00:07:56I mean, you can lose money getting customers, right?
00:07:58You can build infrastructure faster than you could with your own cash alone.
00:08:02And on a personal level, you can incur way less personal debt because, you know, there'd
00:08:05be no way that you would be able to fund a lot of this out of your own pocket.
00:08:08Now, if you can, if you're already rich, then you can take on raising capital style big
00:08:12opportunities and then fund it with your own cash.
00:08:15And that's really an amazing combination, but not available to most people.
00:08:19But this allows you to pursue rarer opportunities.
00:08:21And one of the advantages of that is that it actually prices a lot of people out of the market.
00:08:25So to agree, there is an element of risk with raising capital because typically the opportunities
00:08:29that people pursue are high risk, high return opportunities, but there's typically far fewer
00:08:34competitors.
00:08:35And so, you know, you can count the number of competitors who are well-funded even in a space
00:08:38maybe on two hands.
00:08:40If I said, how many social media marketing agencies are there?
00:08:42You're going to need a lot more fingers.
00:08:44And so within our car analogy example, you actually just start by building the car factory.
00:08:48And then even though you know you're going to lose money up front, once the car factory is built,
00:08:53you know that every single car you're going to make X dollars of profit, right?

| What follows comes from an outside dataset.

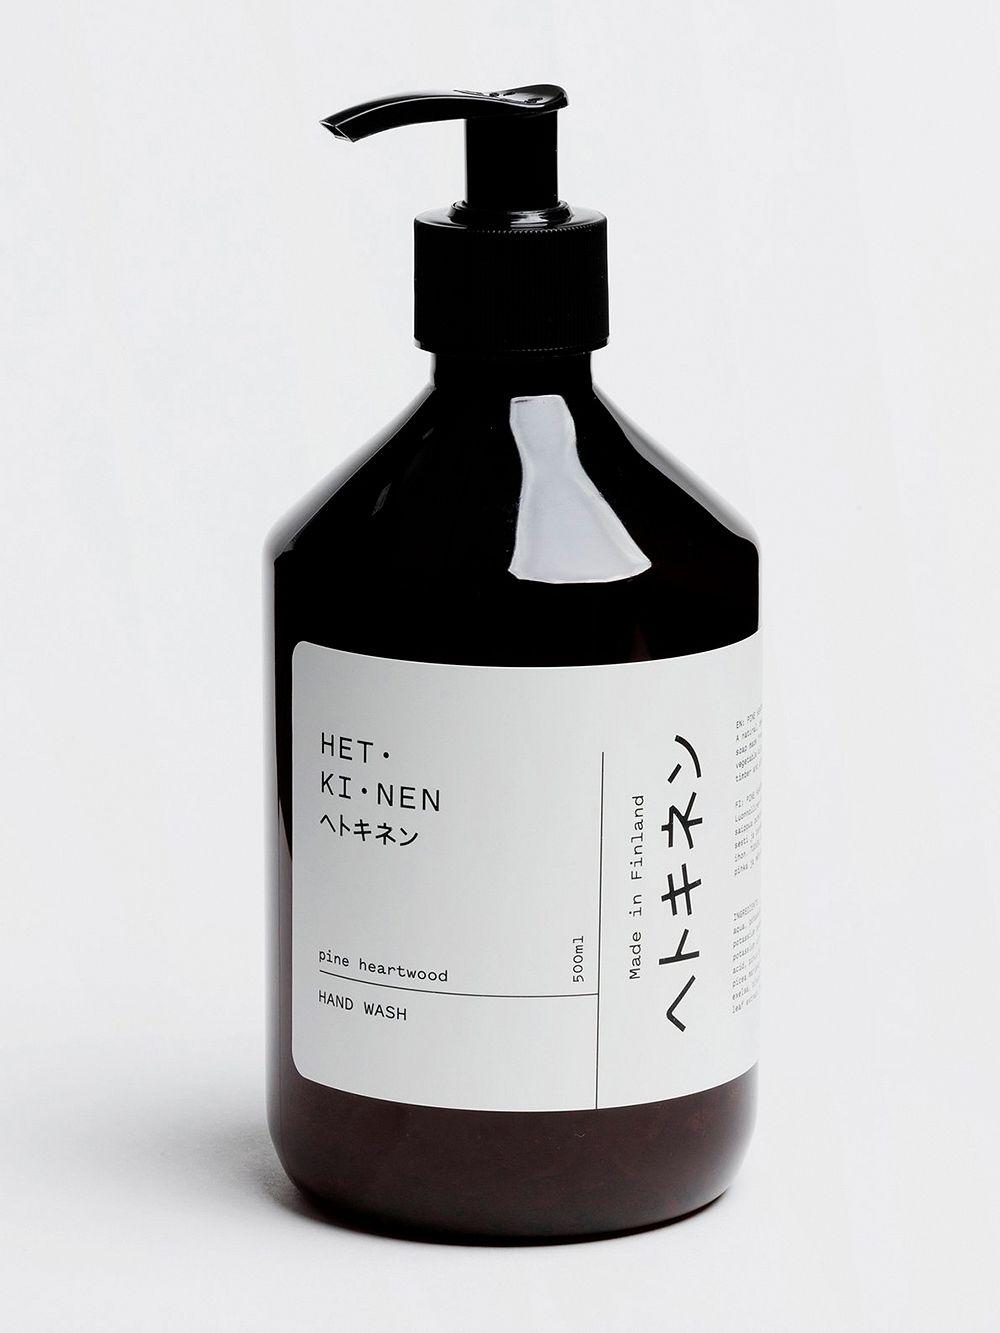 Hetkinen Hand wash, 500 ml, pine heartwood

00:08:55And that is how you end up recouping it and justifying the return to the investors.
00:08:58Some of the trade-offs here are significant.
00:09:00You now have two customers instead of one.
00:09:02In Bootstrap, your customer is just the end customer, right?
00:09:07When you have raising capital, your customer is both the end customer and the investors or
00:09:12venture capitalists.
00:09:14And so that's one element is that I have to serve two masters, which can oftentimes be at odds,
00:09:19which is a bit of a pain.
00:09:20The second kind of big downside is that you're going to dilute your own equity.
00:09:24Here, you have 100% of the pie, right?
00:09:26Whatever you make is yours, and that's your pie.
00:09:28Now, you can give profit shares.
00:09:29You can give equity slices to key teammates or partners or whatever.
00:09:32But they're usually in the business.
00:09:34They're actually helping you succeed within the business.
00:09:35Whereas when you're raising capital, a lot of it's going to depend on the terms.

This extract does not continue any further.